When we remember, we should, as far as we can, remember “how it was”. We can be helped in this by the voices of the real war poets, whose work forms a bitter counterpoint to the conventional sentiment in which war has traditionally been enveloped, and which can be summed up in the maxim by the Roman poet, Horace: “Dulce et decorum est pro patria mori” – “Sweet and honourable it is to die for one’s country”. This maxim, a favourite during the years of the British Empire, hangs over Binyon’s verse and its long-institutionalised recital on Remembrance Days. The war poet Charles Sorley (killed in the trenches, October 1915), in his sardonic poem, “When you see millions of the mouthless dead”, went so far as to disclaim remembrance for the dead – being dead they do not need it. His poem is a riposte to Rupert Brooke’s “If I should die think only this of me” – but no doubt he had in mind those equally “bardic” utterances of “our poets and men of letters” whose “finely trained voices are a living lie”. For me, such utterances include, egregiously, “For the Fallen”.
 
If we are going to remember, our remembrance should at least pass muster with those who lived and (so often) died in the trenches, for they have told us how it was and their voices continue to speak for those in later conflicts, even though not so destructive. Their voices are a world away from the official displays of stiffly choreographed emotion that have passed for public remembrance since the end of the First World War. There are many who find such displays repellent. In 2009 there died the last of the British veterans of the Great War, Harry Patch. According to the British-based Christian group, Ekklesia, in its publication, “Reimagining Remembrance”, politicians and others lined up to pay their tributes. The irony was that for Harry Patch the official remembrance ceremonies were just “show business” and he did not attend them. He was highly decorated, including an honour from the King of Belgium, but he never wore his decorations. What he did do was to visit the war cemeteries, both British and German, and he laid a wreath on the grave of a German soldier. In his view, remembrance ceremonies should remember those who suffered on both sides.
 
Clearly, the official remembrance ceremony did not speak for Harry Patch and it is likely that it does not speak for many others with personal experience of war. As Ekklesia puts it, we can remember well or we can remember badly. To the extent that our remembrance fails to acknowledge “how it was” we remember badly and our remembrance is false to the experience of those we are purporting to remember.
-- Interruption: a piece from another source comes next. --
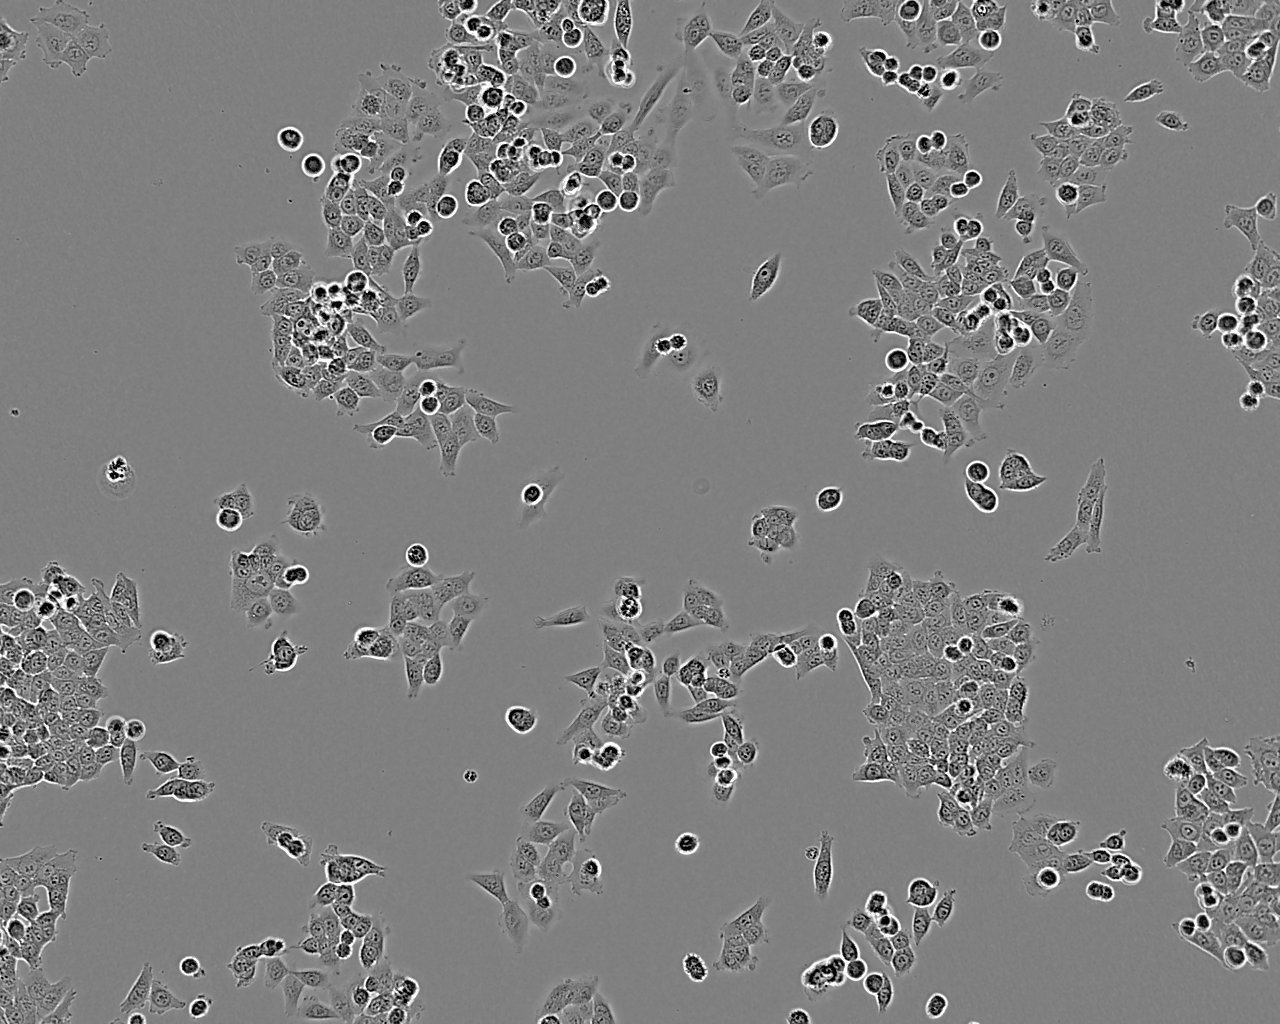 NCI-H28 epithelioid cells人恶性间皮瘤细胞系,NCI-H28 epithelioid cells
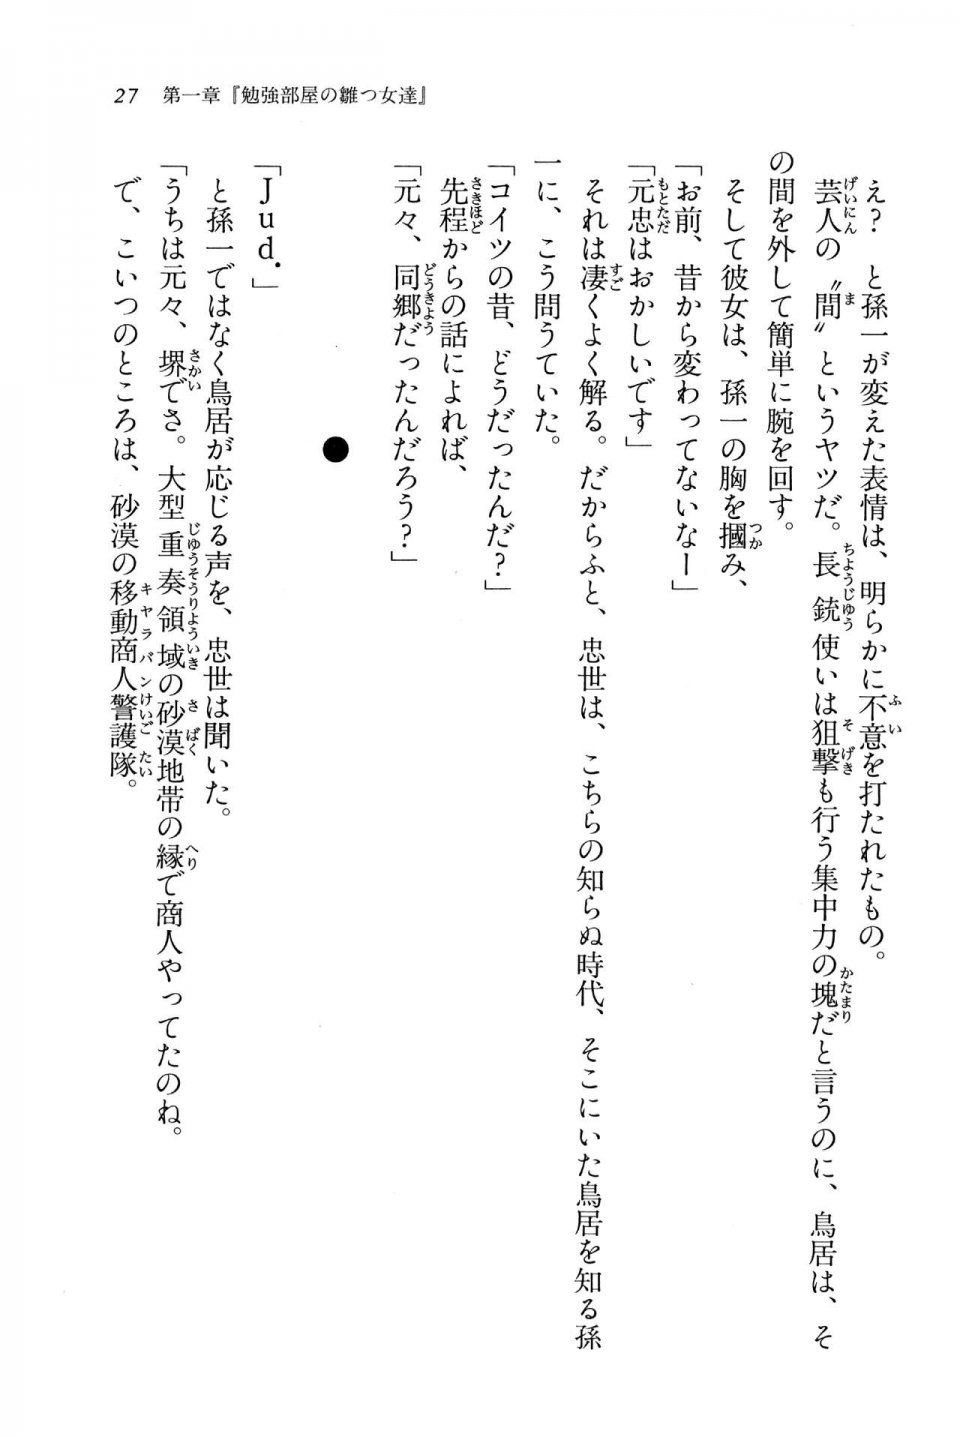 Kyoukai Senjou no Horizon BD Special Mininovel Vol 7(4A) - Photo #31

I suggest that a first step to improving our public remembrance would be the consignment of “For the Fallen” to well-deserved oblivion and its replacement by an authentic voice from the trenches. 
 
Those interested in further reflection on how we practice Remembrance are referred to the wide-ranging and thought-provoking discussion of this subject “Reimagining Remembrance” published by Ekklesia. It can be found on Ekklesia’s web-site.
 
“I am the enemy you killed, my friend.” ( from “Strange Meeting” by Wilfred Owen, MC, 1893- 4th November 1918).